> [Required work]:
Repeat the data that follows in full. Do not include the pictures.

[Available data — start]

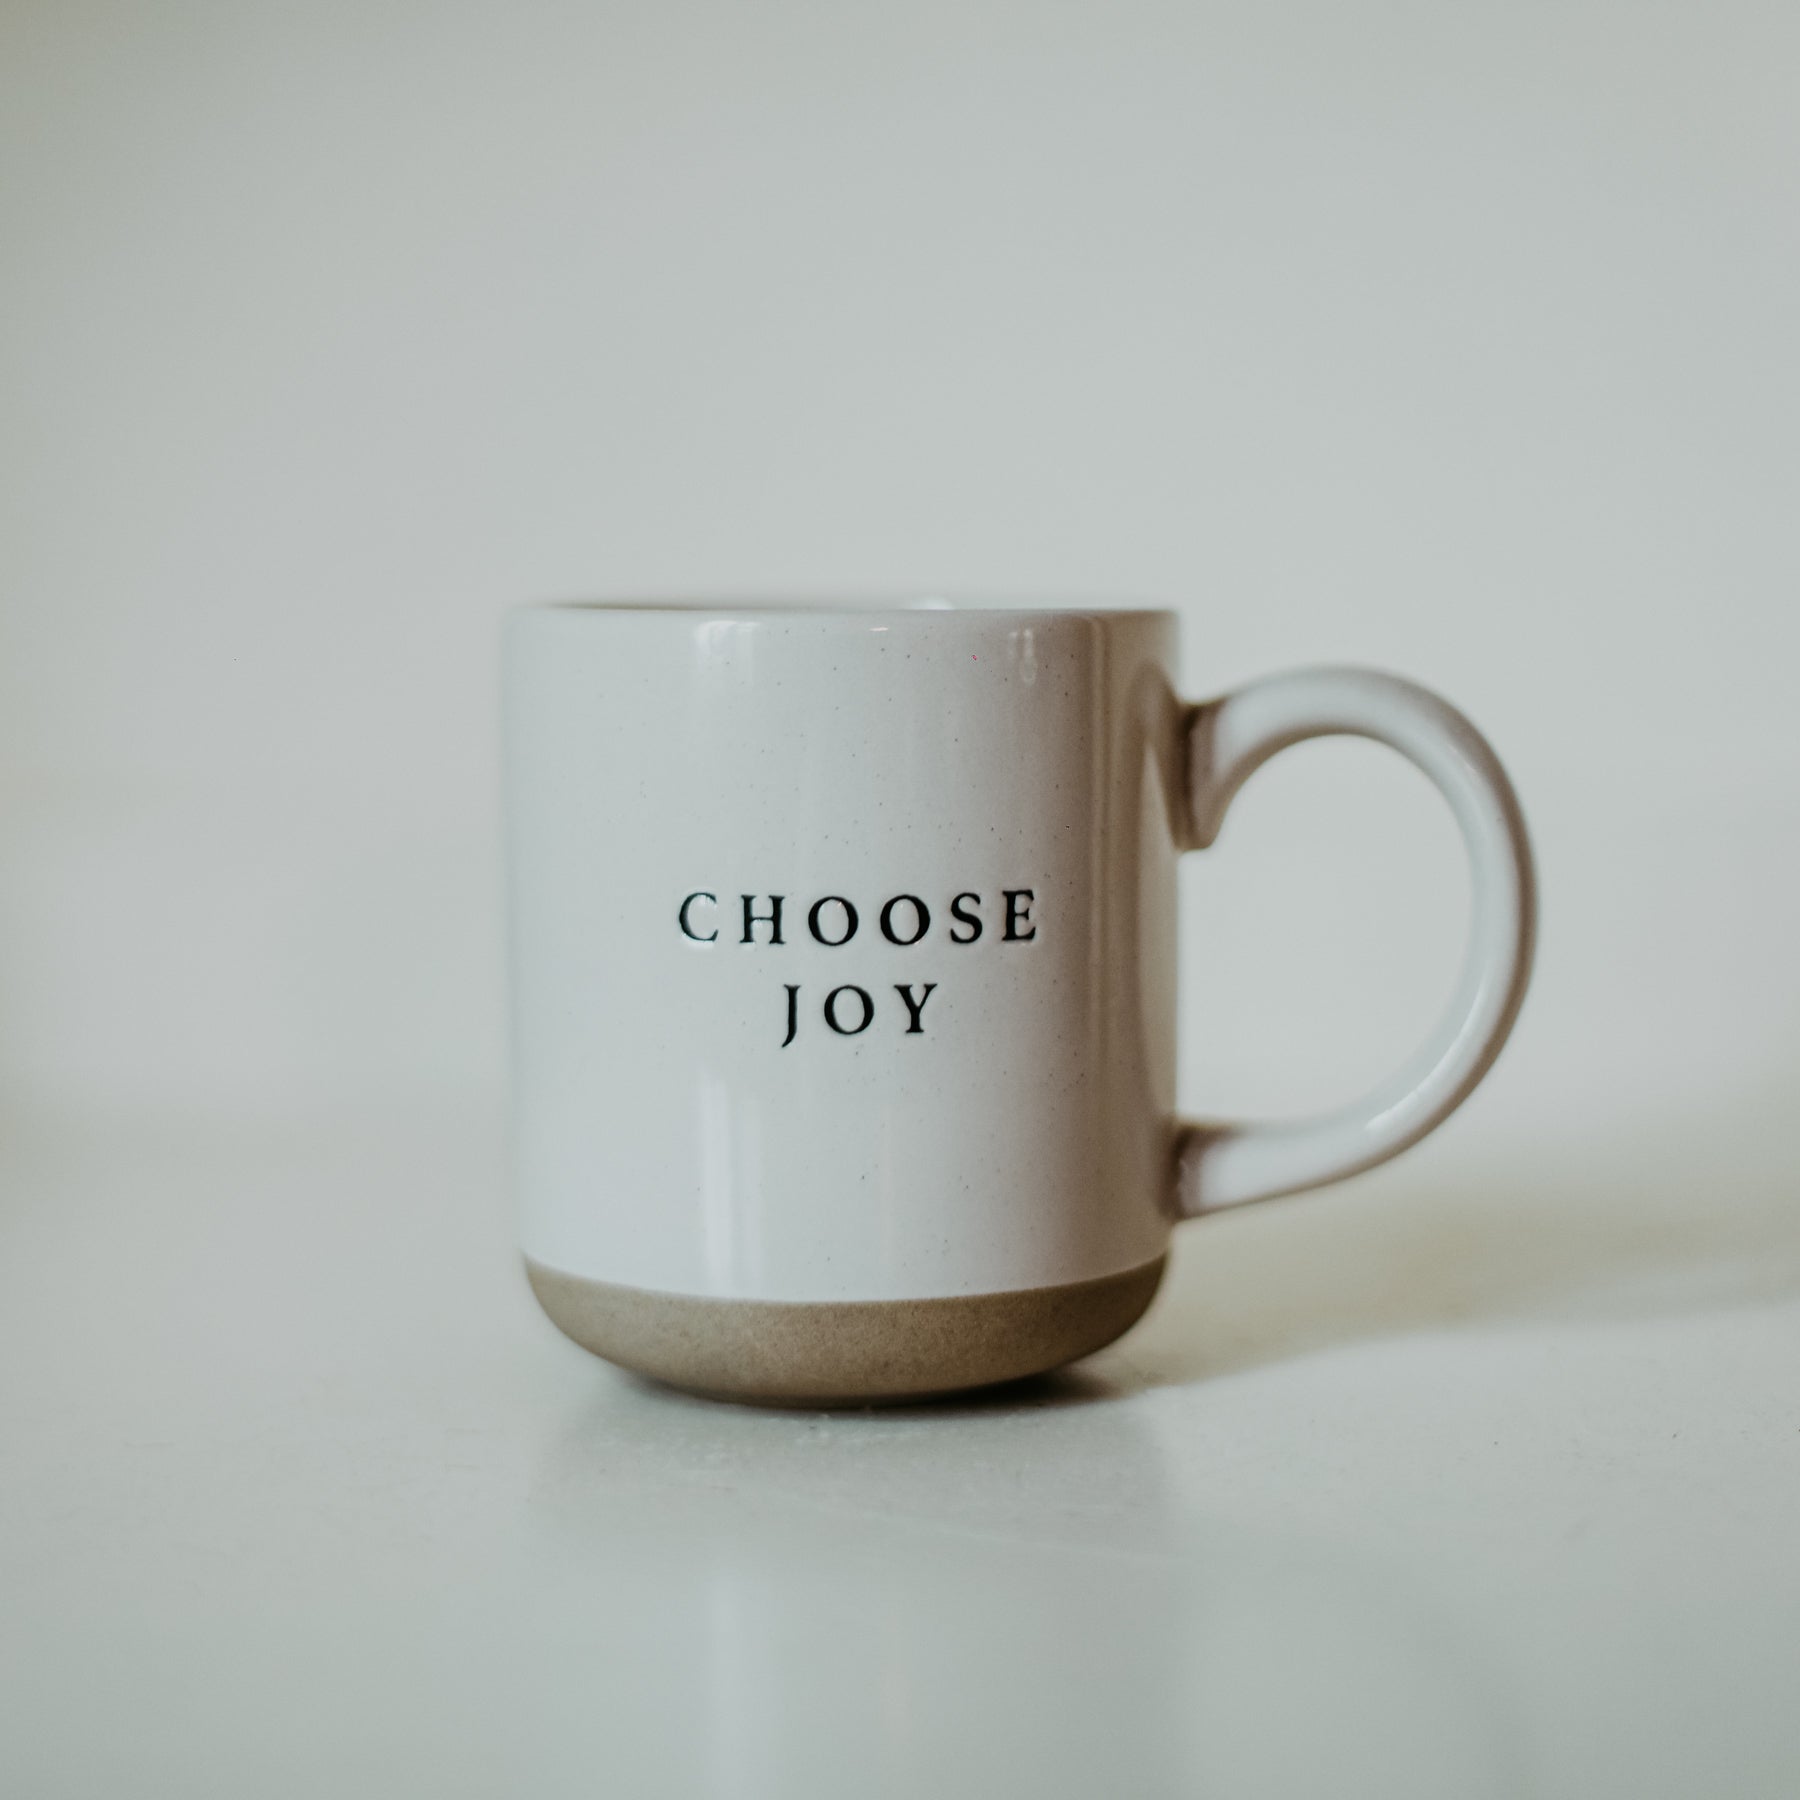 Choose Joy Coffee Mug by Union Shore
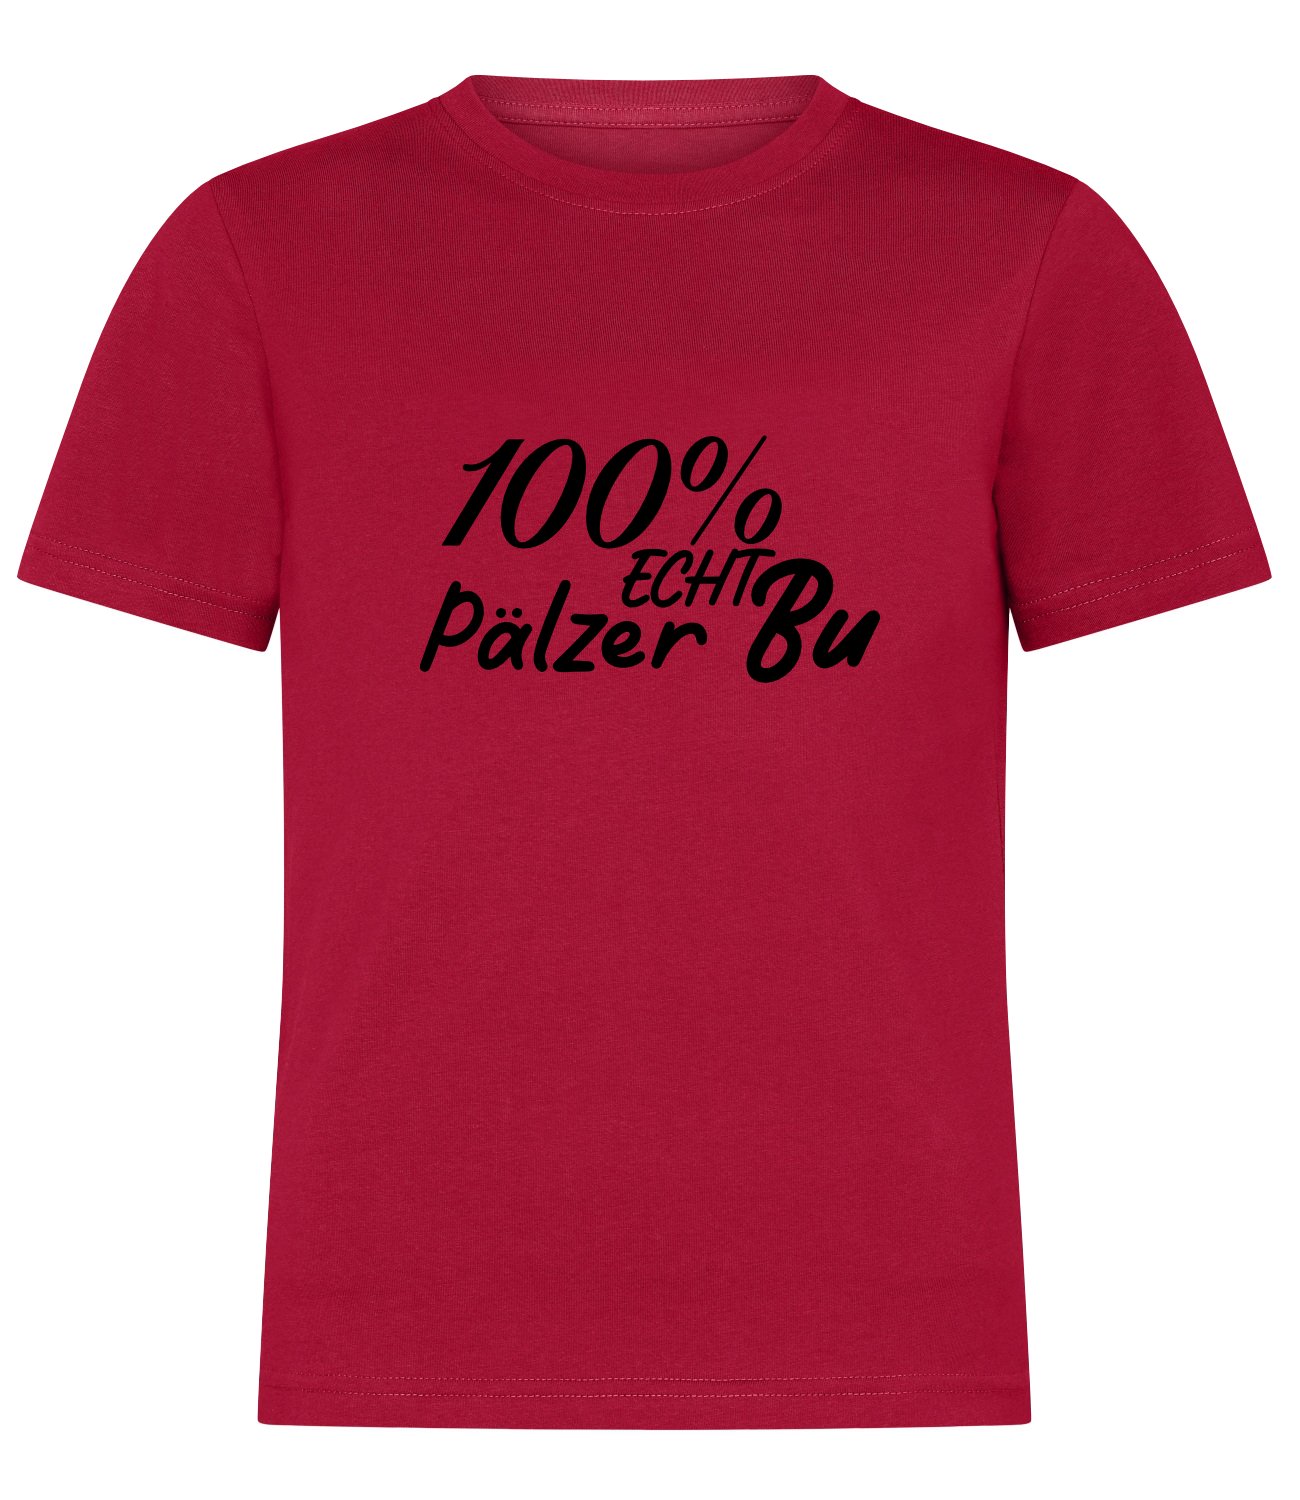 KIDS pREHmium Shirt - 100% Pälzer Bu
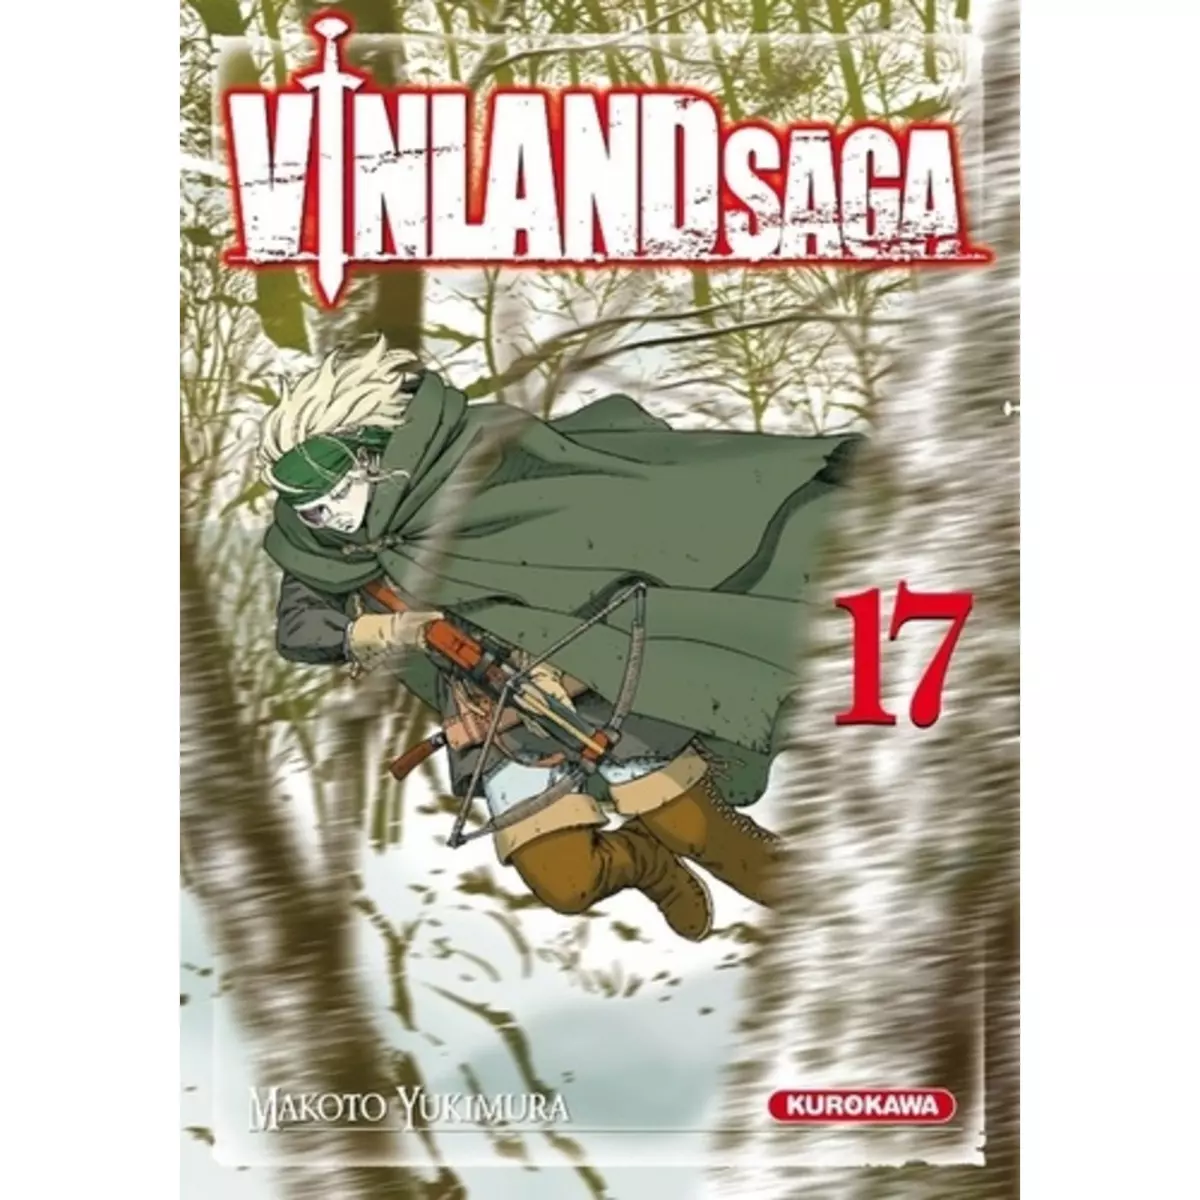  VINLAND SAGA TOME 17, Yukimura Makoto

[Available data — finish]

> [Task solution]:
 Choose Joy Coffee Mug by Union Shore
 KIDS pREHmium Shirt - 100% Pälzer Bu
  VINLAND SAGA TOME 17, Yukimura Makoto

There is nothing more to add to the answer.